What this task involves ▸ Copy every line of the records below where the word "Diamond" occurs.

Data ▸

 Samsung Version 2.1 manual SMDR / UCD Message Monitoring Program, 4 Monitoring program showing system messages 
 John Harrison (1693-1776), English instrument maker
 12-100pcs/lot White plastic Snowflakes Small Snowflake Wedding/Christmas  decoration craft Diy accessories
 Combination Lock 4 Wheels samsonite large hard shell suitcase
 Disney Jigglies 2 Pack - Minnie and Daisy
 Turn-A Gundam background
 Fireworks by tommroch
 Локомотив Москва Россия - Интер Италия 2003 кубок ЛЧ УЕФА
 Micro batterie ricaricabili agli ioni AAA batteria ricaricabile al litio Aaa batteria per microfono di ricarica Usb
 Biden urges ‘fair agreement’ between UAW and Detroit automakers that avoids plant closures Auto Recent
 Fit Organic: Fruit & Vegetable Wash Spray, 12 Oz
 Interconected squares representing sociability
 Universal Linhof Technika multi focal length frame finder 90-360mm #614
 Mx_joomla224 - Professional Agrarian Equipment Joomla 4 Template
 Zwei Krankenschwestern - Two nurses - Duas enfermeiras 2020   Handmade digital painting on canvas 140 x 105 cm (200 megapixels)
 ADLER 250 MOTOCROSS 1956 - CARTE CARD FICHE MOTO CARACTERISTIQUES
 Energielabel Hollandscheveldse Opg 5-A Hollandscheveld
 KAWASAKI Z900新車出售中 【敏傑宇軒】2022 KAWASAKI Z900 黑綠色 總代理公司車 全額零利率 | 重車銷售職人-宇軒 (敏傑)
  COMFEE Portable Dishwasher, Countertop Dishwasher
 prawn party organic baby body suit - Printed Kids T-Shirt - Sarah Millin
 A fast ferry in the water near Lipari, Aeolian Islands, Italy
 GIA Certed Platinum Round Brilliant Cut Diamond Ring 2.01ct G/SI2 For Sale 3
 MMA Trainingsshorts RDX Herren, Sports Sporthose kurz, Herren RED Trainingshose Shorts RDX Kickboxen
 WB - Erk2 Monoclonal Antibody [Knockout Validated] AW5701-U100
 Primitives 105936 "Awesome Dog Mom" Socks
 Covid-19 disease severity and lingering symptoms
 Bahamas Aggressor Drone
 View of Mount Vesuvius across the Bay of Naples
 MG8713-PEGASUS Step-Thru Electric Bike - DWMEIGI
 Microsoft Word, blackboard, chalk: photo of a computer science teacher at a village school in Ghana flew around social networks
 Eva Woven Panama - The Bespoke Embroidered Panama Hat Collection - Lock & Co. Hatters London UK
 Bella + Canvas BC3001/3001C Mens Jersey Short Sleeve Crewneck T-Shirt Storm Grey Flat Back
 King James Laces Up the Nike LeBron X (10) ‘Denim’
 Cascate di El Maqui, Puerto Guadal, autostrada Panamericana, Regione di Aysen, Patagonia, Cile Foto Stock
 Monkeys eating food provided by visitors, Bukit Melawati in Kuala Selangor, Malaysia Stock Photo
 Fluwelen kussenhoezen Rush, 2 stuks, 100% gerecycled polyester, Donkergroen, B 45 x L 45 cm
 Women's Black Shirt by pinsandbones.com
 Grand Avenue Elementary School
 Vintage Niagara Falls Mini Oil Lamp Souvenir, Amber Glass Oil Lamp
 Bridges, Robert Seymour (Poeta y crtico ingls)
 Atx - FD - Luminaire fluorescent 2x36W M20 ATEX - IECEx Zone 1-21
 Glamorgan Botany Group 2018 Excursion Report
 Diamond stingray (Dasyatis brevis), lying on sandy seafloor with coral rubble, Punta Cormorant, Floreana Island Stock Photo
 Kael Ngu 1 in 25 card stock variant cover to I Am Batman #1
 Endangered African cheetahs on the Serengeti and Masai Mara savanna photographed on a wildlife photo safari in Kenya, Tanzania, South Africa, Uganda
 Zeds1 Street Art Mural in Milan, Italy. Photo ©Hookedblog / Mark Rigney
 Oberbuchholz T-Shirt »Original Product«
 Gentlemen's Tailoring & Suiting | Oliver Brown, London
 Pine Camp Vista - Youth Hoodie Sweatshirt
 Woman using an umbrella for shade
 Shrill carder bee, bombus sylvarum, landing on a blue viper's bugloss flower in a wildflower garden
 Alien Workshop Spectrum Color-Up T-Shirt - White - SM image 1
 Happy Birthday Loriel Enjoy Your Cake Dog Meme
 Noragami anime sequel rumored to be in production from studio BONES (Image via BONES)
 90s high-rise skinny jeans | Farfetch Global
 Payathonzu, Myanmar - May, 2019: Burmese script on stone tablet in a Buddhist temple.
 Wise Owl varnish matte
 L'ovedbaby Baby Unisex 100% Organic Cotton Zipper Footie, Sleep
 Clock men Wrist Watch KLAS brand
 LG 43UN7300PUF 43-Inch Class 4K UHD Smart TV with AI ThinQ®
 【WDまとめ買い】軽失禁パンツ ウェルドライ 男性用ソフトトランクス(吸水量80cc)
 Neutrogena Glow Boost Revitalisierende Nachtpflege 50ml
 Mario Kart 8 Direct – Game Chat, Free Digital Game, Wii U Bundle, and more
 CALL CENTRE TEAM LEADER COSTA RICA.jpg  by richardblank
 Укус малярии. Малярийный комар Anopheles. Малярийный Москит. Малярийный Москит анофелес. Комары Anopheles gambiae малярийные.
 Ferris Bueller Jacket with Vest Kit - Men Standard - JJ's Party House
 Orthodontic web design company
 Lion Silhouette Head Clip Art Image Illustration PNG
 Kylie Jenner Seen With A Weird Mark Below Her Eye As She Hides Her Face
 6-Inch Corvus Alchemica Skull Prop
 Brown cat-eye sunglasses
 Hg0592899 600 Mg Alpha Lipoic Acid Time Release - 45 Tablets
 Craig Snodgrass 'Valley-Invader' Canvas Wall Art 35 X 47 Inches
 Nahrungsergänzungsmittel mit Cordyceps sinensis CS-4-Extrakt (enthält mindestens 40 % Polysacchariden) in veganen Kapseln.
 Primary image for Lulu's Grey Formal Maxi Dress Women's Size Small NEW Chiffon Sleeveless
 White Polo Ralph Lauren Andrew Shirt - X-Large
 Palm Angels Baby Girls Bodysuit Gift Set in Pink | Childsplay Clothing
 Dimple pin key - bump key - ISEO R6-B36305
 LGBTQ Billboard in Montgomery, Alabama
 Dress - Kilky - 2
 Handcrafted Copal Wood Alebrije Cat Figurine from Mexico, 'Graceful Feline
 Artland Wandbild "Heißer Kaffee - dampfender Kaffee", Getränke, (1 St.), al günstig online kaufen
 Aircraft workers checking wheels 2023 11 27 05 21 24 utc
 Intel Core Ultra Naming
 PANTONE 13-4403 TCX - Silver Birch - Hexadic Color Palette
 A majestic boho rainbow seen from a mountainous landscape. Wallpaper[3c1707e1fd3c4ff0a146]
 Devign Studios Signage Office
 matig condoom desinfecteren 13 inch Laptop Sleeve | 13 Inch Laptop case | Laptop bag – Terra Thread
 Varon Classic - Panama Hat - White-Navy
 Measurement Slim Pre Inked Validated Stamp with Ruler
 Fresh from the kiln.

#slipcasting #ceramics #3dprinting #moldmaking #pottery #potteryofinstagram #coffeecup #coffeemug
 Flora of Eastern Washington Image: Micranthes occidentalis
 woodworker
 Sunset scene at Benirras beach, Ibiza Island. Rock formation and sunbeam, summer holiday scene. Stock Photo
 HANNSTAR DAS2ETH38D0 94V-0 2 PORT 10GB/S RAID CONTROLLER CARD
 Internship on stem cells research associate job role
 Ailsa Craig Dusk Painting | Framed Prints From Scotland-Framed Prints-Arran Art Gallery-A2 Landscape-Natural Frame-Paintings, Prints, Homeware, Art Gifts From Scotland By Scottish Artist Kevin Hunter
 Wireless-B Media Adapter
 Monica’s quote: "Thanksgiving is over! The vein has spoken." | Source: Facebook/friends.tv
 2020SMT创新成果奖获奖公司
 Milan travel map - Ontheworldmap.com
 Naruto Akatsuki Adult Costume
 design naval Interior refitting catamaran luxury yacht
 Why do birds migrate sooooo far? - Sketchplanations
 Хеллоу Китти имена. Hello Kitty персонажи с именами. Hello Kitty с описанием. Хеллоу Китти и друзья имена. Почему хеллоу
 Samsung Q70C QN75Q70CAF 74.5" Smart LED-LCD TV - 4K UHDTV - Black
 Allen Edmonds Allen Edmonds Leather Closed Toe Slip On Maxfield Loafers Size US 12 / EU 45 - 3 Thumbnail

Exercise solution ▸
 GIA Certed Platinum Round Brilliant Cut Diamond Ring 2.01ct G/SI2 For Sale 3
 Diamond stingray (Dasyatis brevis), lying on sandy seafloor with coral rubble, Punta Cormorant, Floreana Island Stock Photo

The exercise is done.